27 Il y a lieu de relever, à cet égard, que les PPC produits par Mita sont vendus par l'intermédiaire de Mita Europe, qui traite les commandes des clients concernés, leur envoie les factures et reçoit les paiements correspondants. Or, le prix payé par les acheteurs à Mita Europe ne coïncide pas avec le prix facturé par Mita Japon à Mita Europe.
28 Le Conseil a, dès lors, décidé de construire le prix à l'exportation sur la base du prix facturé par Mita Europe à Gestetner, en procédant aux ajustements prévus par le règlement n° 2176-84, c'est-à-dire en déduisant de ce prix une marge raisonnable pour les frais généraux et les bénéfices, estimée à 5 %.
29 En procédant de cette manière, le Conseil a appliqué correctement l'article 2, paragraphe 8, sous b), du règlement n° 2176-84, aux termes duquel :
"Lorsqu'il n'y a pas de prix à l'exportation ou lorsqu'il apparaît qu'il existe une association ou un arrangement de compensation entre l'exportateur et l'importateur ou un tiers, ou que, pour d'autres raisons, le prix réellement payé ou à payer pour le produit vendu à l'exportation vers la Communauté ne peut servir de référence, le prix à l'exportation peut être construit sur la base du prix auquel le produit importé est revendu pour la première fois à un acheteur indépendant ou, si le produit n'est pas revendu à un acheteur indépendant ou n'est pas revendu dans l'état où il a été importé, sur toute base raisonnable. Dans ces cas, des ajustements sont opérés pour tenir compte de tous les frais intervenus entre l'importation et la revente, y compris tous les droits et taxes, ainsi que d'une marge bénéficiaire raisonnable."
30 Il résulte, en effet, de cette disposition que le prix à l'exportation doit être construit lorsque, pour une raison quelconque, le prix réellement payé ou à payer pour le produit vendu à l'exportation vers la Communauté ne peut pas servir de référence.
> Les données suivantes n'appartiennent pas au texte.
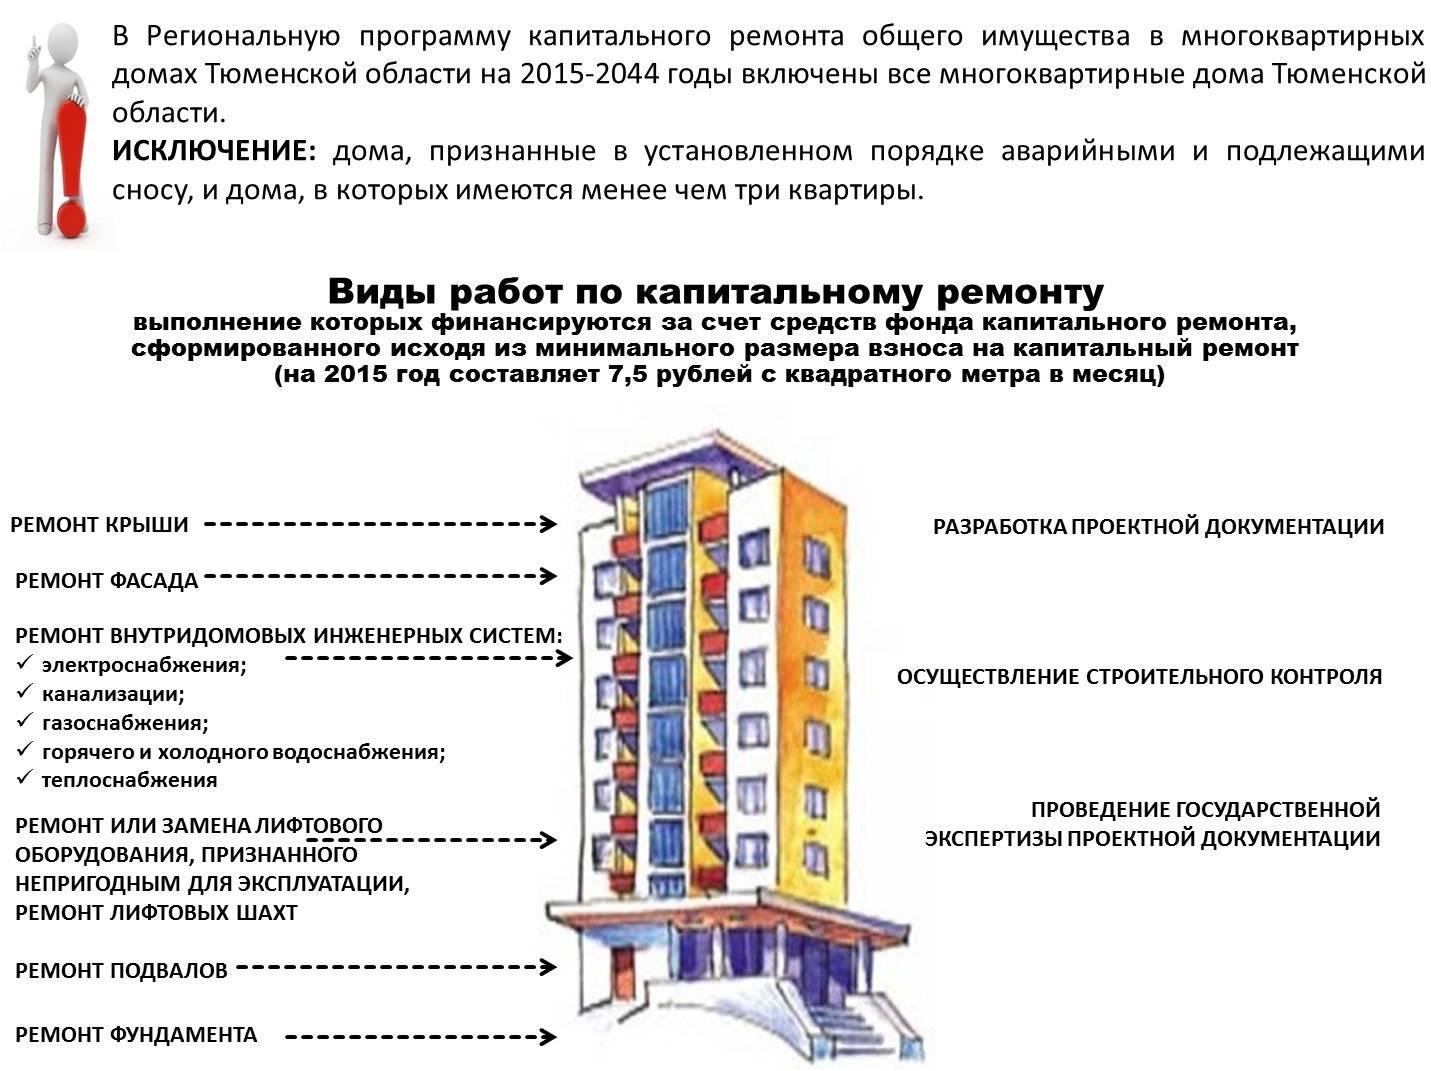 Сроки проведения текущего ремонта в многоквартирном доме: периодичность проведения планово-текущих работ, а так сколько по времени ведется реконструкция?

31 En l'espèce, ni le prix payé par Mita Europe à Mita Japon ni le prix payé par Gestetner à Mita Europe ne pouvaient servir de référence, compte tenu respectivement de l'association existant entre le fabricant exportateur et sa filiale et de l'activité déployée par celle-ci pour les ventes. En effet, les frais inhérents à une telle activité réduisent effectivement le montant perçu par le fabricant-exportateur, dans la mesure où ils sont normalement supportés par l'importateur.
32 Il est vrai que, dans sa partie finale, l'article 2, paragraphe 8, sous b), ne mentionne que les ajustements nécessaires pour tenir compte de tous frais intervenus entre l'importation et la revente et que, d'une part, l'activité déployée par Mita Europe est antérieure à l'importation et, d'autre part, si l'on admet que Mita Europe revend les PPC à Gestetner, cette revente a lieu avant l'importation.
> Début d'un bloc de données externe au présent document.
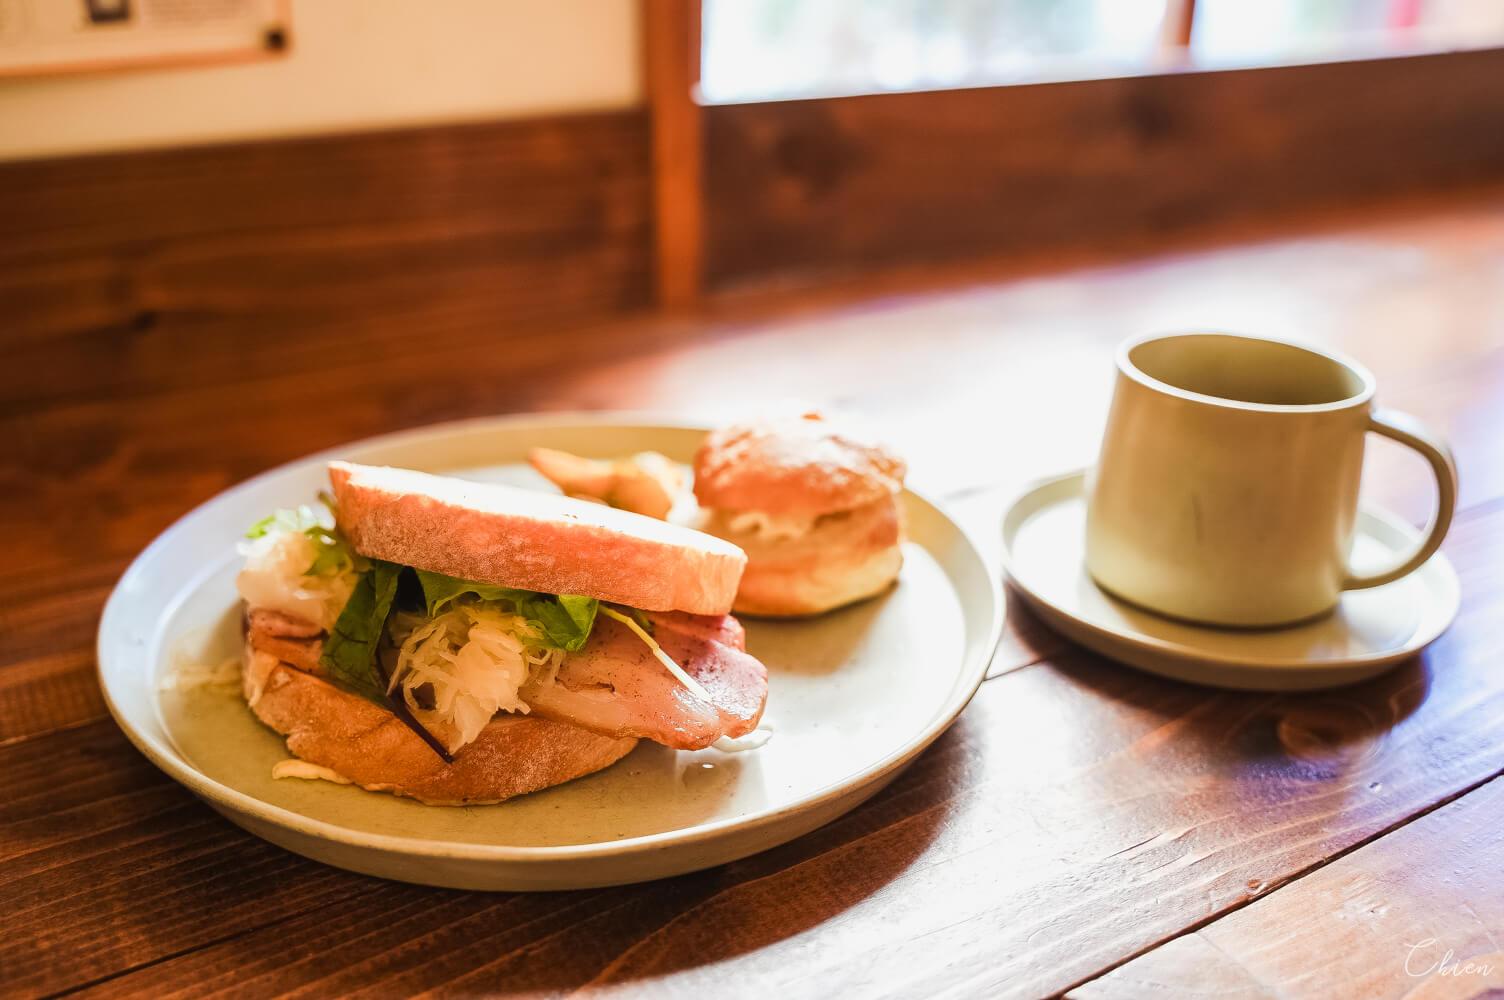 定山溪美食咖啡廳 J・glacée 三明治

33 Il convient, toutefois, de relever que les ajustements mentionnés sont ceux inhérents à la construction du prix à l'exportation dans les cas les plus fréquents d'association ou d'arrangement de compensation conclu entre l'exportateur et l'importateur ou un tiers. L'article 2, paragraphe 8, sous b), n'exclut pas pour autant les ajustements exigés lorsque, pour d'autres raisons, le prix à l'exportation doit être construit.
34 Dans ces conditions, il y a lieu d'admettre qu'il convenait de construire le prix à l'exportation sur la base du prix payé par le premier acheteur indépendant en ajustant ce prix en fonction des frais et bénéfices inhérents au rôle de Mita Europe.
35 Il ne résulte ni des pièces du dossier ni des débats menés devant la Cour que cette déduction ait été excessive. Dès lors, le moyen tiré du calcul erroné du prix à l'exportation doit être rejeté.
Sur le moyen tiré de la comparaison erronée entre la valeur normale et le prix à l'exportation
36 Gestetner soutient que la différence de stade commercial entre, d'une part, les produits vendus par Mita à Gestetner et, d'autre part, ceux vendus par Mita aux distributeurs et détaillants au Japon, exigeait, conformément à l'article 2, paragraphe 10, du règlement n° 2176-84, des ajustements auxquels les institutions n'ont pas procédé. En effet, dans les ventes destinées au marché japonais, Mita supporterait des coûts que supportent les OEM dans les ventes des produits qui leur sont destinés, à savoir notamment des coûts de publicité, de promotion ainsi que les frais correspondant à l'emploi du personnel de vente.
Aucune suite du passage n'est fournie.